= California Energy Code =

Section of the California Building Standards Code

The California Energy Code (also titled Building Energy Efficiency Standards for Residential and Nonresidential Buildings), called simply Title 24 in industry, is the sixth section of the California Building Standards Code. The code was created by the California Building Standards Commission in 1978 in response to a legislative mandate to reduce California's energy consumption. These standards are updated periodically by the California Energy Commission. The code includes energy conservation standards applicable to most buildings throughout California.

The code's purpose is to advance the state's energy policy, develop renewable energy sources and prepare for energy emergencies.

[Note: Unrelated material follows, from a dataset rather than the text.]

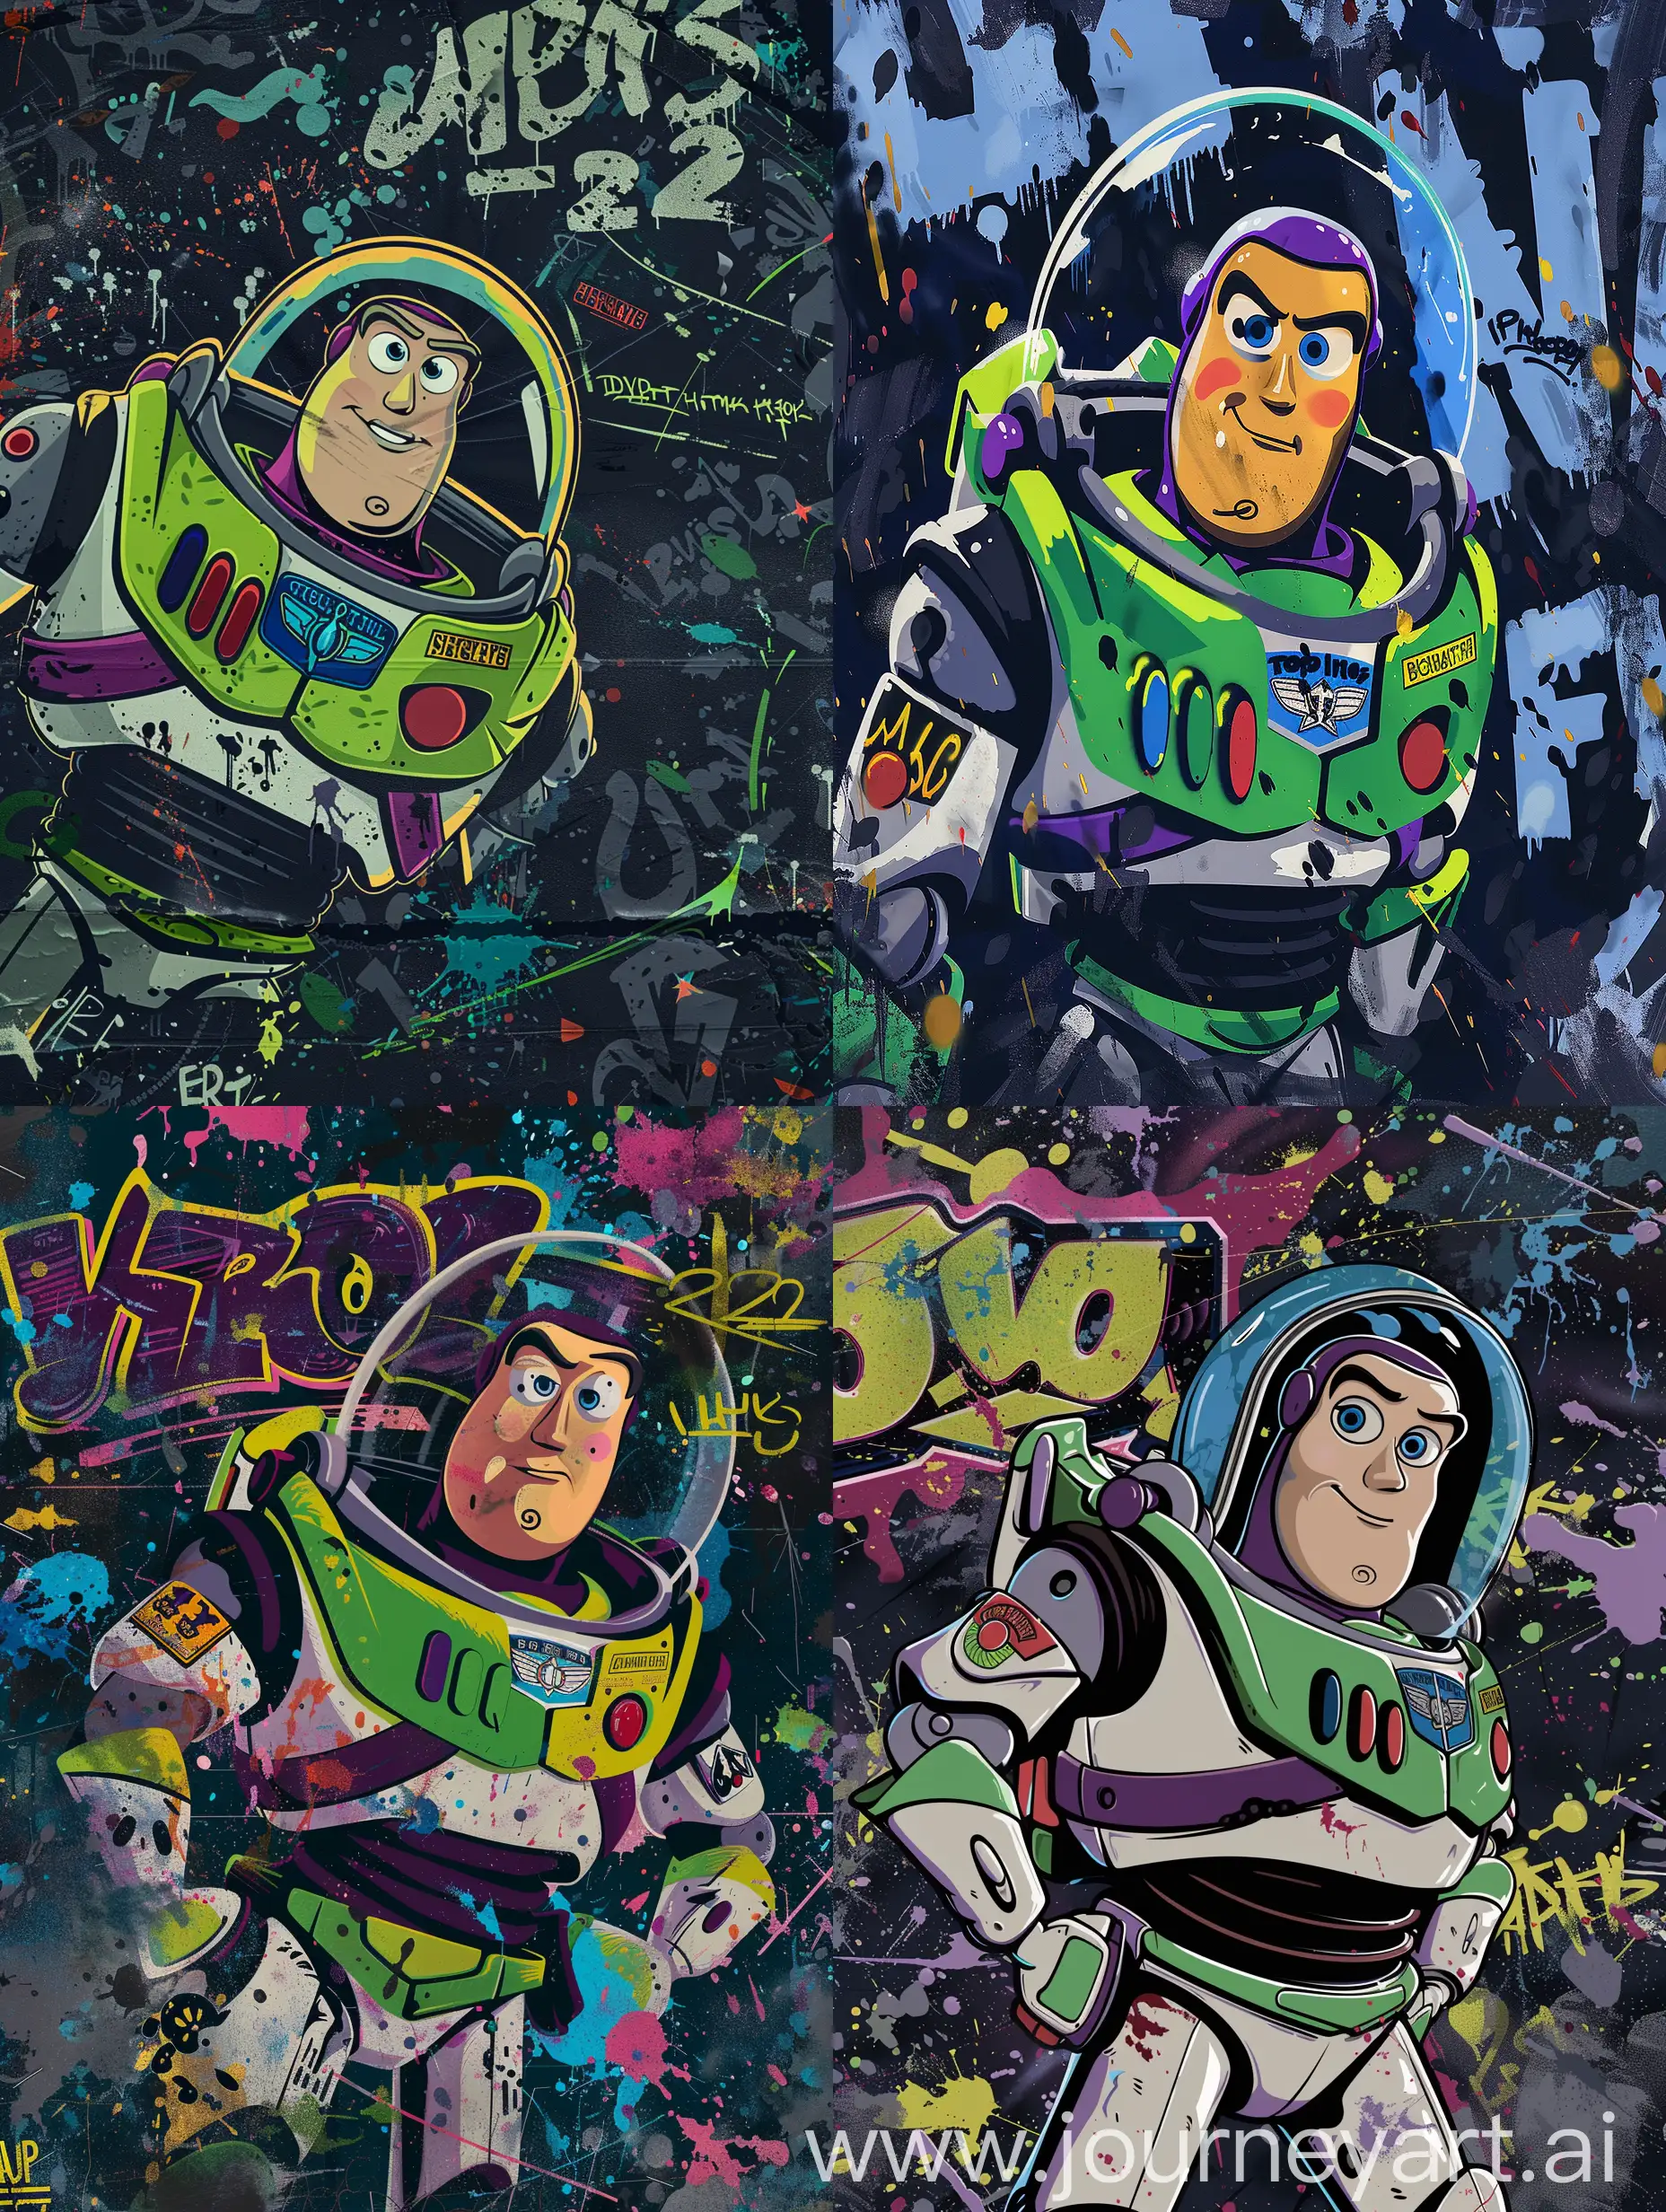 flat illustration graffiti on cava:2, fantasy illustration of the character buzz lightyear, from the movie toy story, buzz lightyear, close up, cosmos, galaxy, detailed, tag, background full of dark paint splash and graffiti text, random sized graffiti text all over typography:2, urban, canva texture, text

A 2020 study found that the 1978 energy code successfully reduced energy consumption, and that the implementation of the policy passed a cost-benefit test.

== History ==
California was the first state to implement minimum energy efficiency standards in 1974. It was the first to establish an energy regulation commission – the California Energy Commission. These regulations and codes have been in effect since 1974. California has the lowest per capita energy consumption in the US.

== Structure ==
The three general parts, which include all the responsibilities and criteria of the standards, are:
- Mandatory requirements
- Performance standards
- Prescriptive standards

All buildings must follow the mandatory requirements. Performance standards vary by the building location and type.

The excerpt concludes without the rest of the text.